■ Problem requirements ■
Please reproduce the listing below exactly, leaving out every picture.

■ Provided material ■
↓
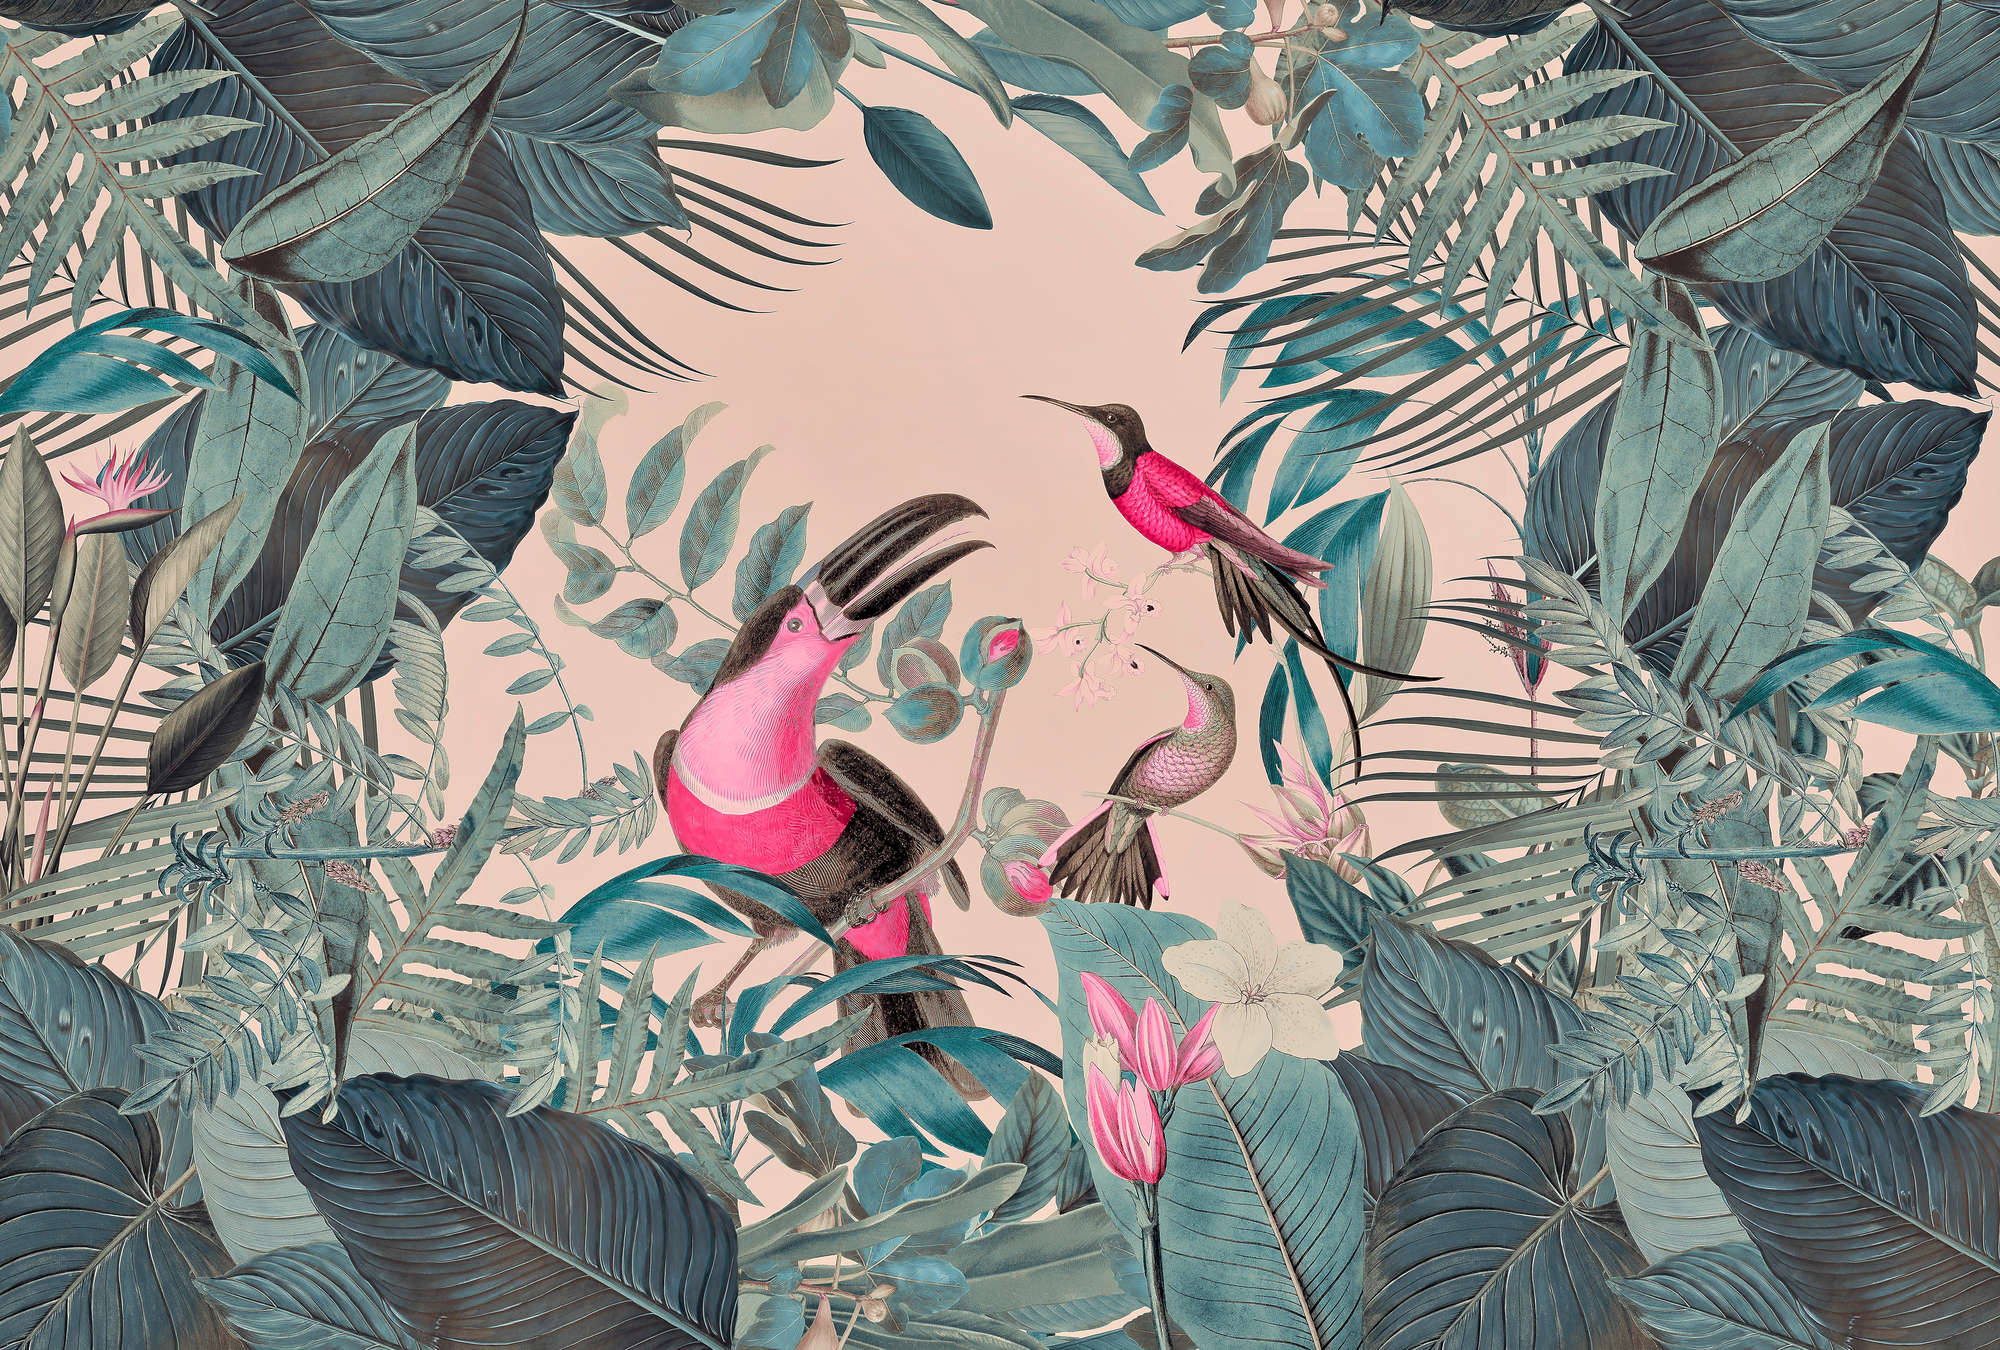             Tropical jungle mural with birds - green, pink
        
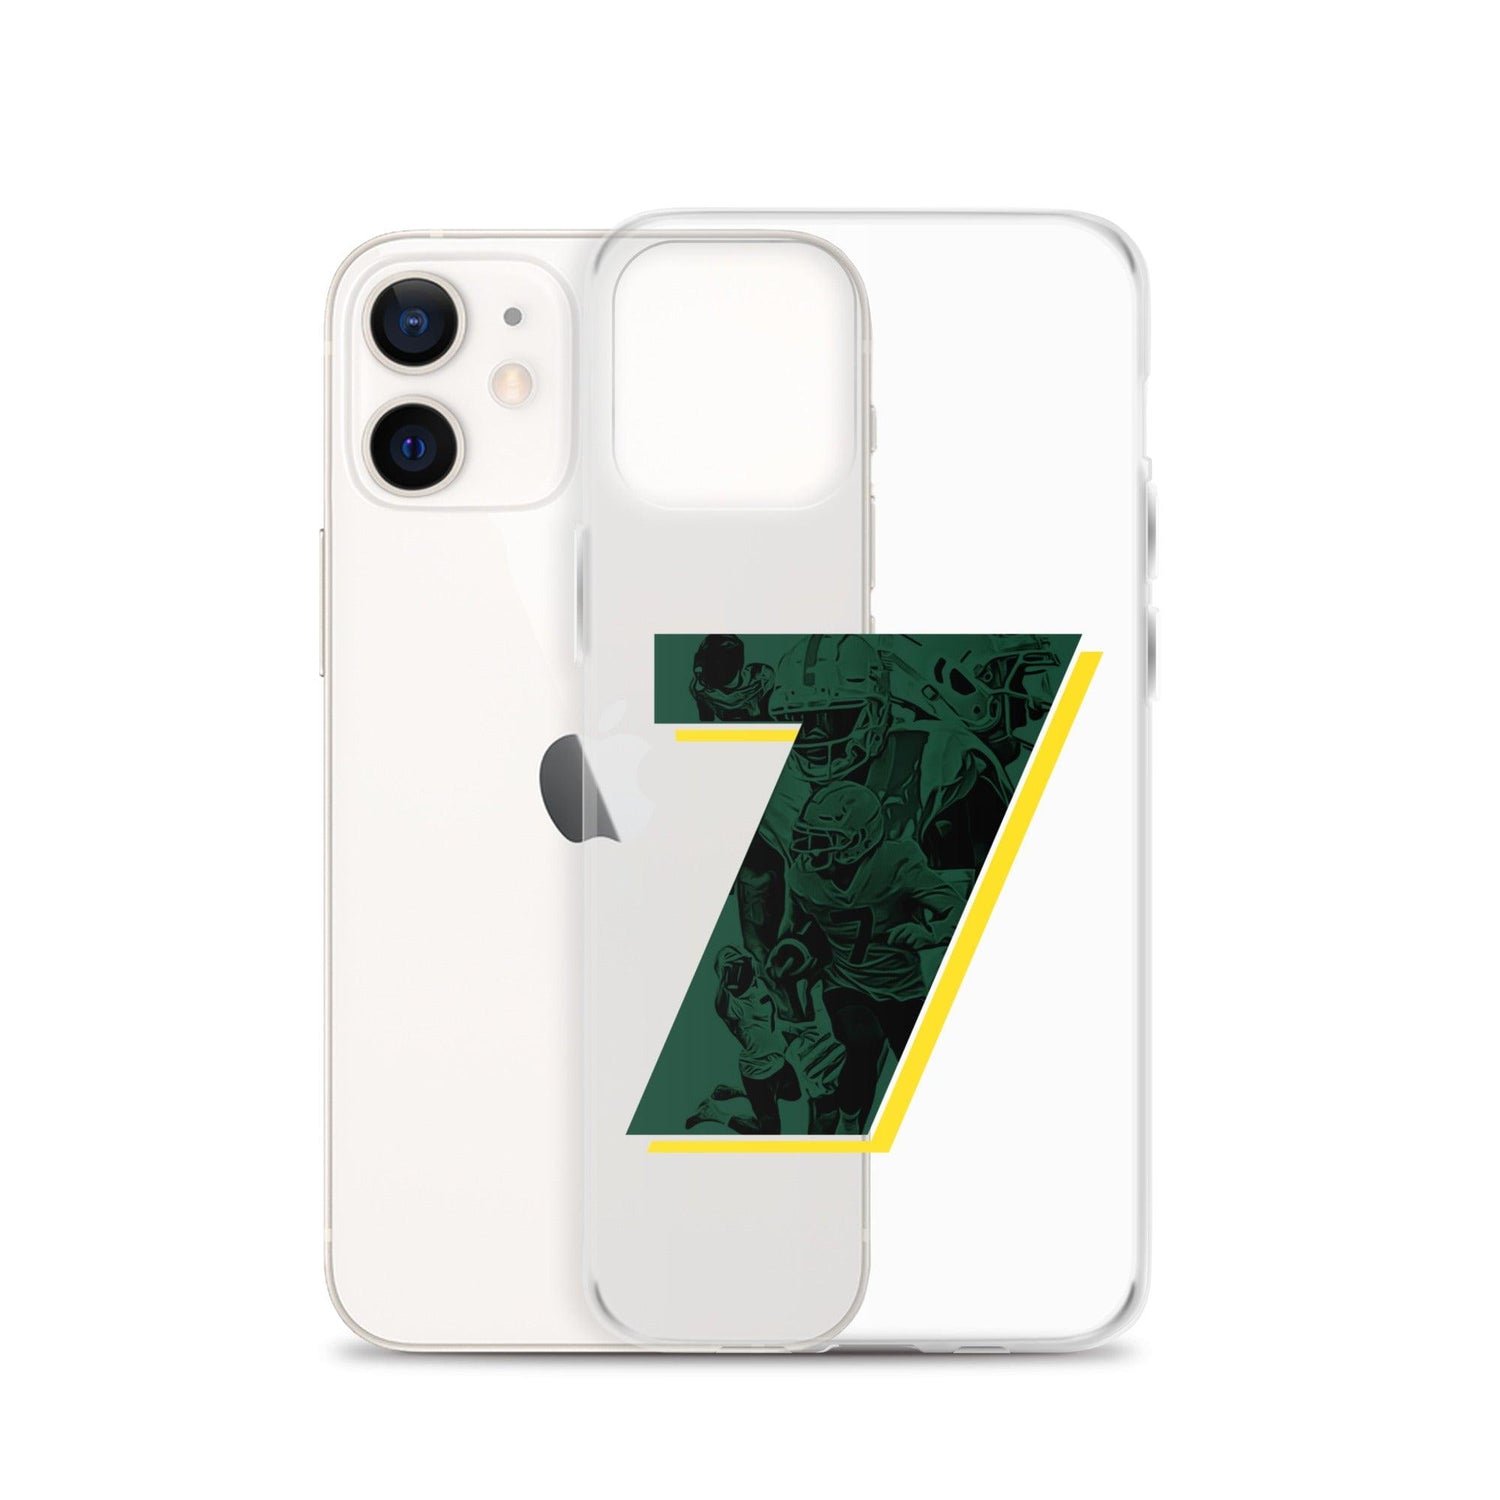 Seven McGee "7" iPhone Case - Fan Arch
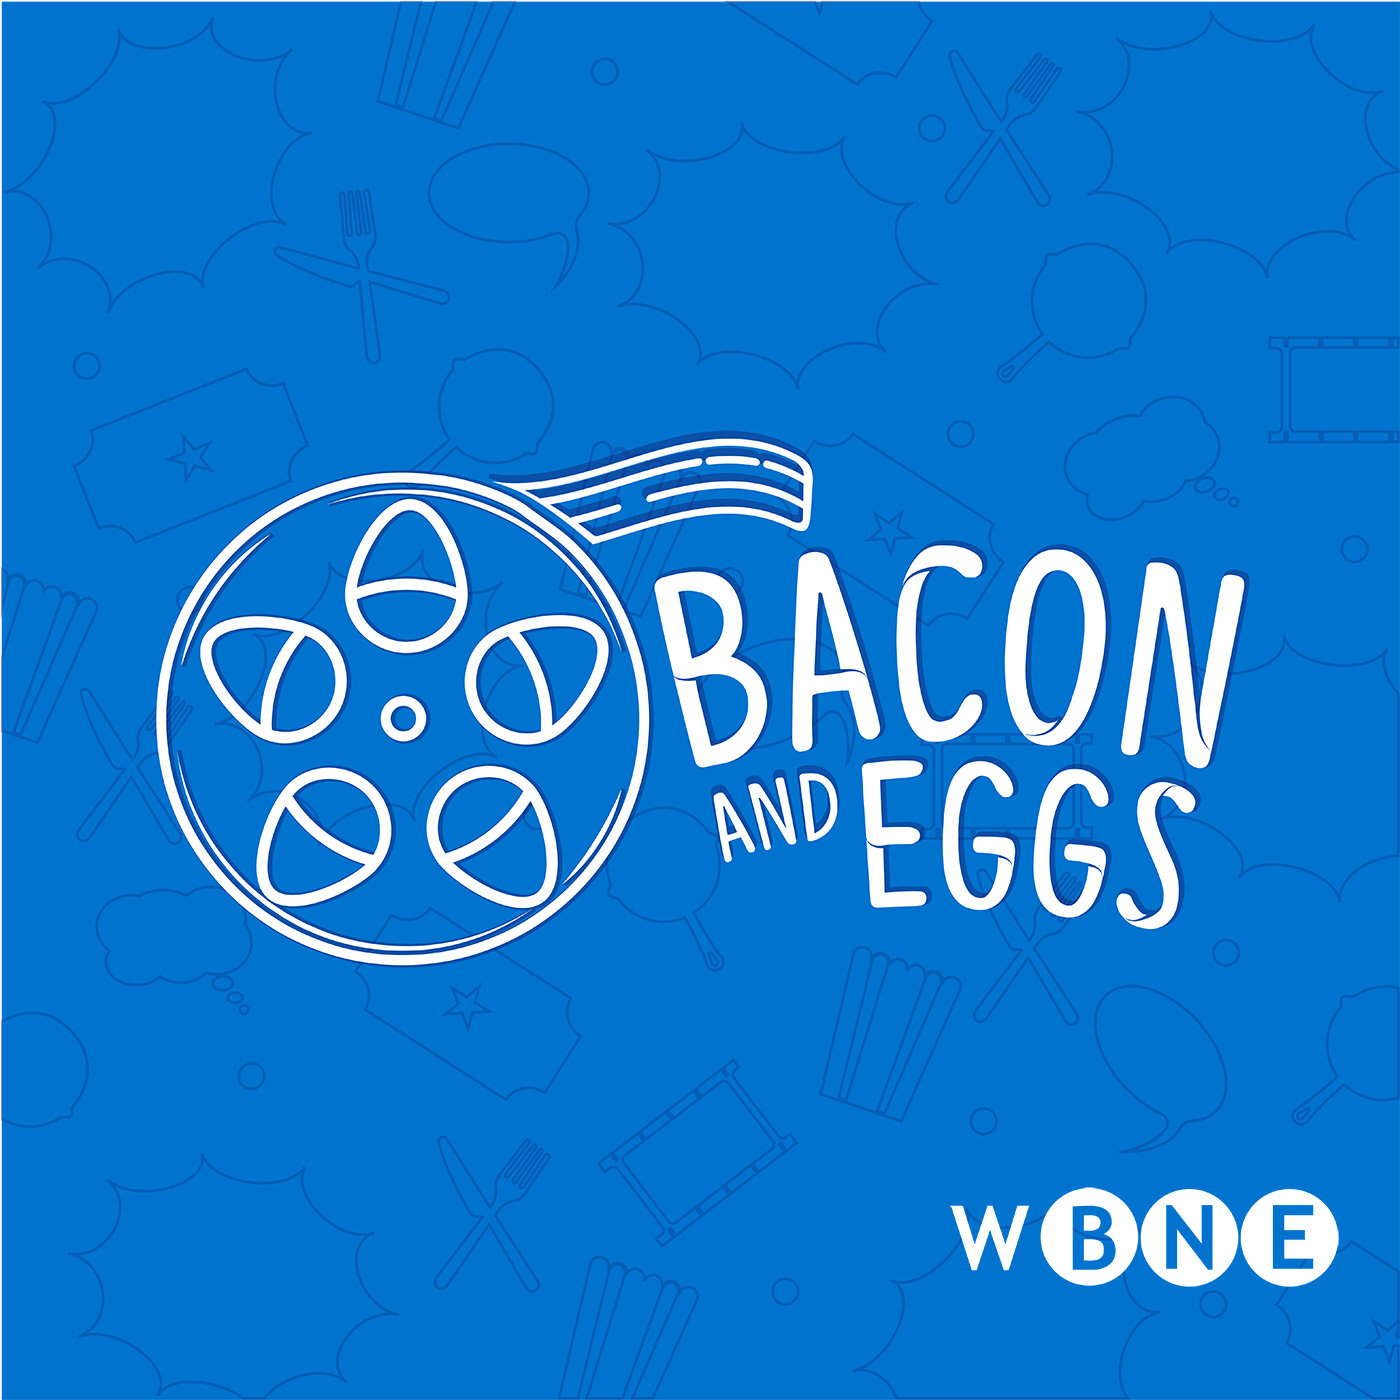  The Bacon and Eggs podcast logo/ cover art. The background is blue with faint illustrations of speech bubbles, utensils, and popcorn containers. On top is a movie reel that has holes in the shape of eggs. Next to that it says “BACON AND EGGS” in lar
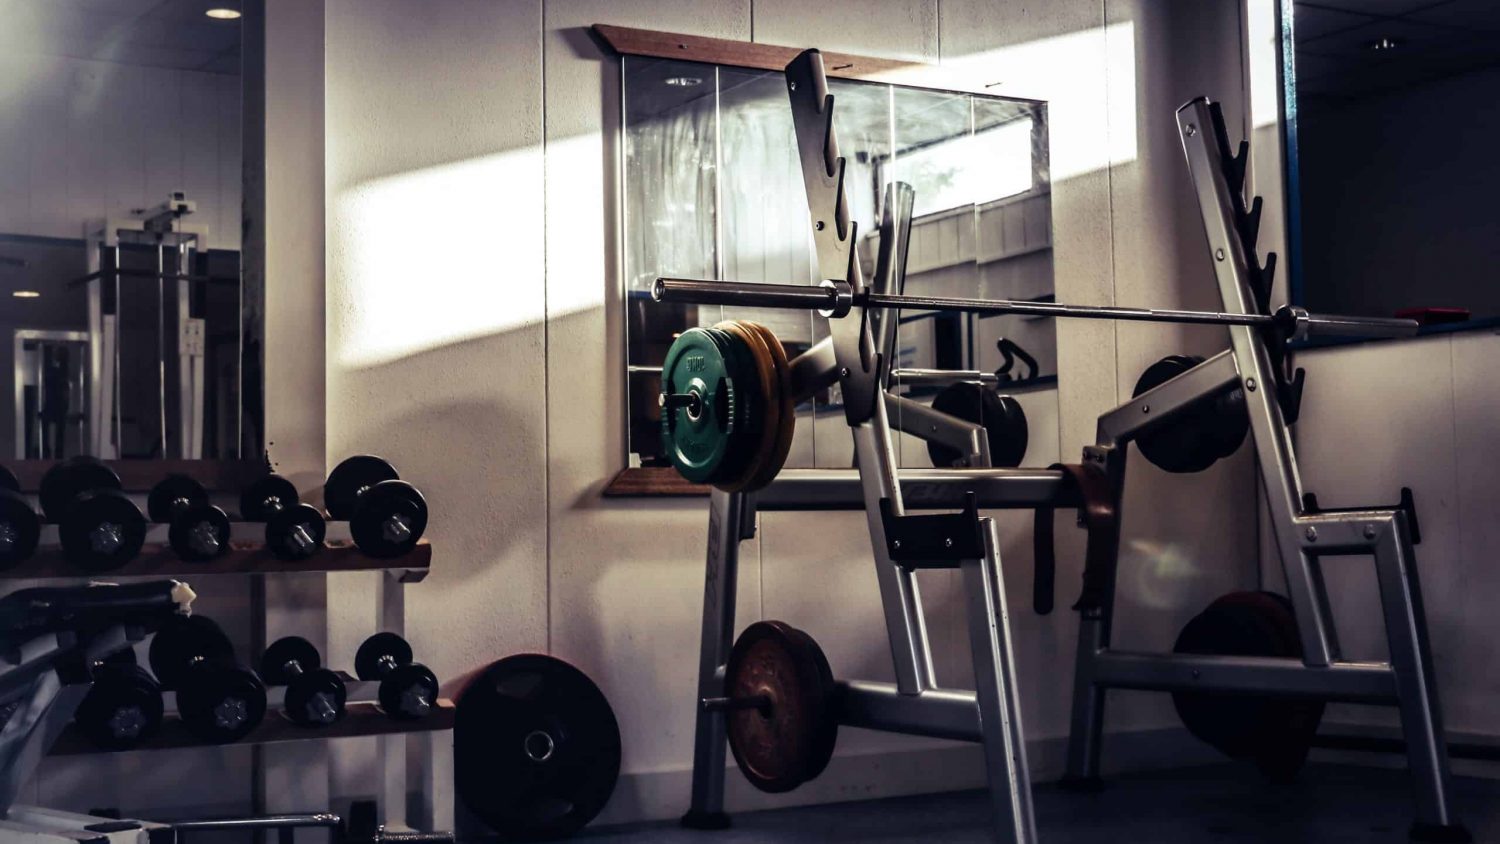 The Best Home Gym Setup – Make The Most Of Your Space
↑
■ Answer for the task ■
             Tropical jungle mural with birds - green, pink
        
 Seven McGee "7" iPhone Case - Fan Arch
  The Bacon and Eggs podcast logo/ cover art. The background is blue with faint illustrations of speech bubbles, utensils, and popcorn containers. On top is a movie reel that has holes in the shape of eggs. Next to that it says “BACON AND EGGS” in lar
 The Best Home Gym Setup – Make The Most Of Your Space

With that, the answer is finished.